Stay tuned to future additions... if its anything like my plan it should be alright.. and i hope i get it done before next year


----------



## bimbo (22/2/10)

For a bloke who reckons he isn't wood friendly that is damb awsome.
With all of the bracing in the corners that bad boy is going to be bomb proof


----------



## argon (22/2/10)

Mate, nice photos. 
This is almost exactly what I'm planning to build for my kegerator. Lifting it on castors is a great idea especially with a small space for the gas. That little bit of extra height for the taps will Gwt it to a more comforatble height to pour. I'll be cladding he outside of mine with decking boards and hanging a drip tray off the collar.
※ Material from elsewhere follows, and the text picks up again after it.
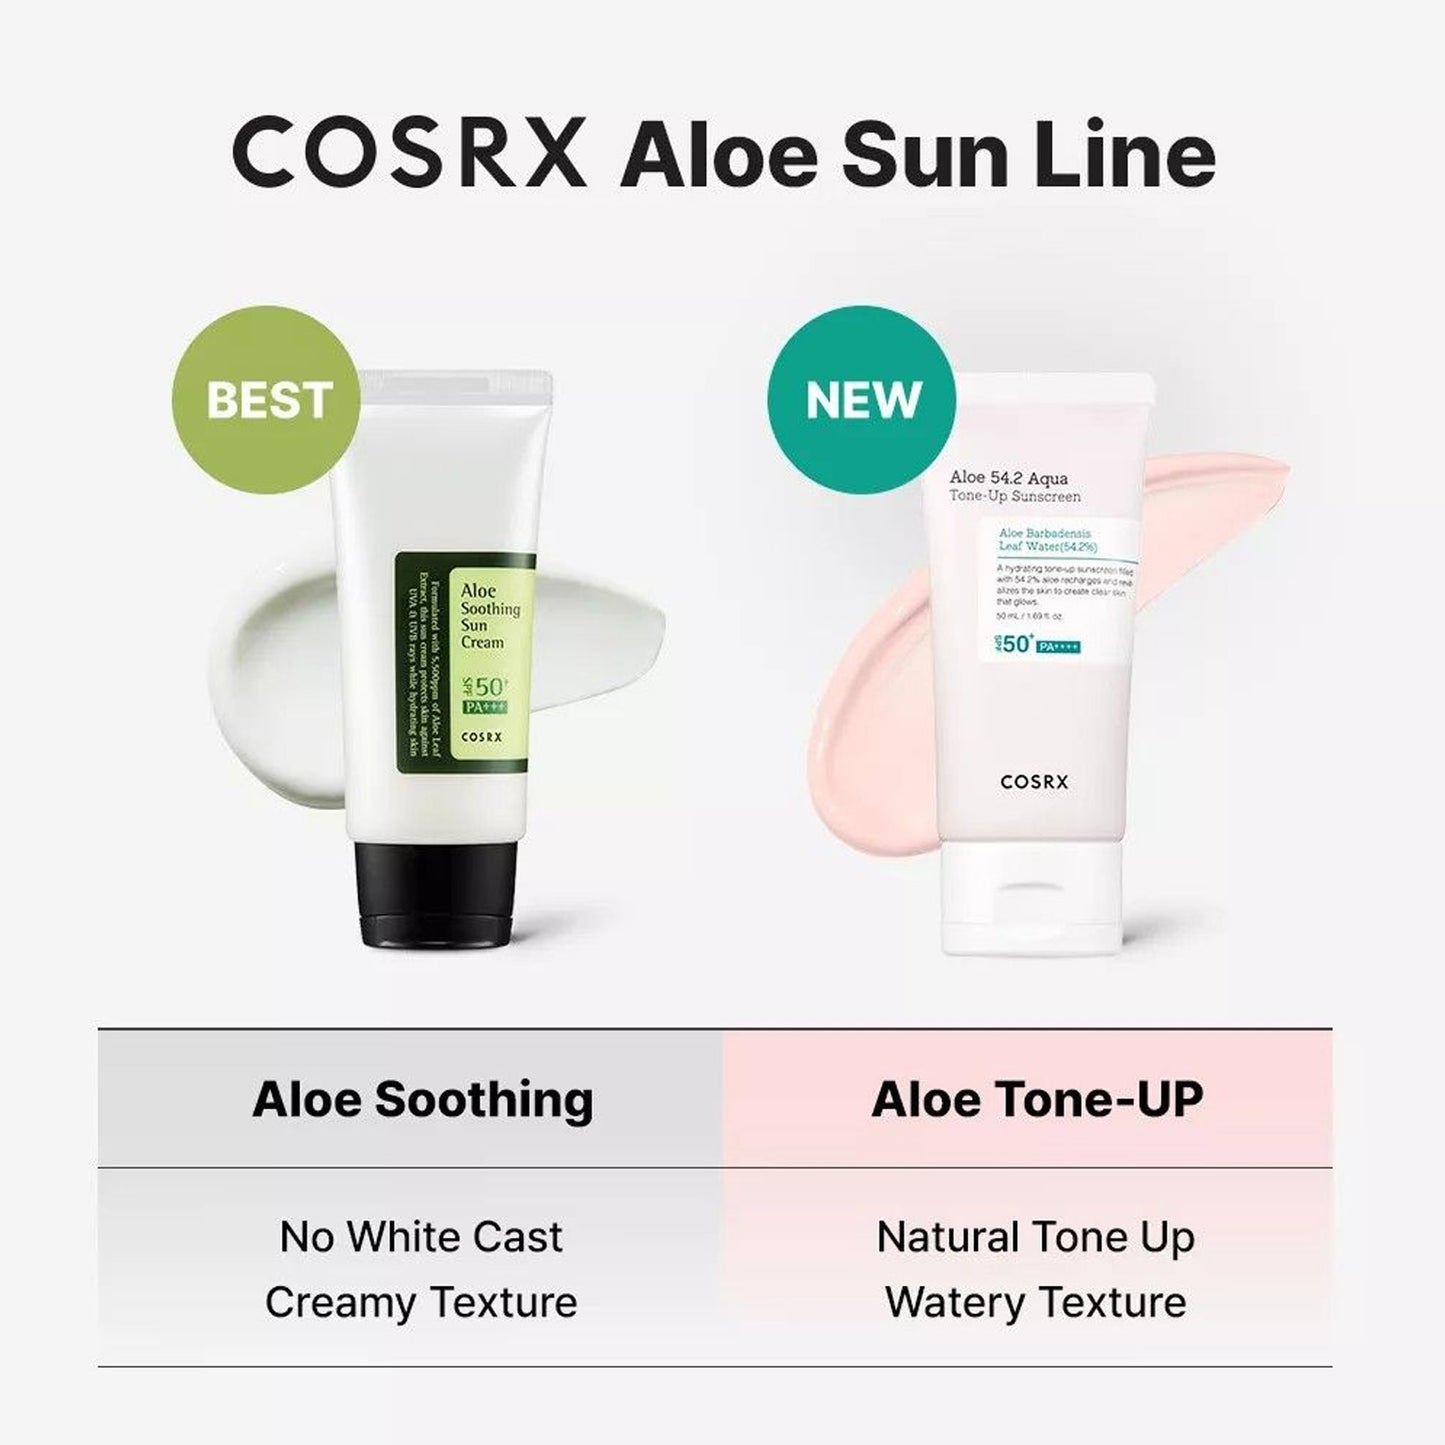 [COSRX] Aloe 54.2 Aqua Tone-Up Sunscreen 50ml

Nice works. Keep the updates coming. :icon_cheers:


----------



## gava (24/2/10)

Just a quick update... Pretty much finished the frame.. Now ready to start to do the lid , tower and coolerbox oh and the caster wheels..

Little surprised tha the chest freezer fits like a dream.. mind you since i took the rollers off the bottom of the freezer its higher at the front so I have to put some wood under the back of it to make it level.
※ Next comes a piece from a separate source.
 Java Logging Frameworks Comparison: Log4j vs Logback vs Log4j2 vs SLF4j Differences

its pretty solid, not going to die any time soon.


----------



## gava (2/3/10)

ok so the build is going a little slow 

I've found some cheap polystyrene and thought i'd make a great cooler box in the kegerator.. here's some happy snaps..

im going to recycle air from the chest freezer once completed.


----------



## shawnheiderich (2/3/10)

Looks good, I built similar last year yours looks great. One point though is there a big air gap around the motor vent? It looks in the picture that it may be a bit covered over. It may just be the angle of the pictures.

Happy Building

Shawn


----------



## jetfoley (2/3/10)

How will you keep the cooler box cold? Is it going to be refrigerated or just like an esky?


----------



## gava (2/3/10)

yeah the vent is completly uncovered and will have two 90mm Computer fans to extract the air out the side.


----------



## gava (2/3/10)

the IDEA is to have recirculating air from the chest freezer... obviously be closed up better, im just showing fitting the polystyrene.



JetF said:


> How will you keep the cooler box cold? Is it going to be refrigerated or just like an esky?


----------



## gava (17/3/10)

Ok slow going at the moment since I didn't have the castors.. Castors arrived (alot taller than I thought) they're totaly size high is 100mm so i had to redo the lid design.. although it'll be a little higher than I wanted. Hope it all comes out.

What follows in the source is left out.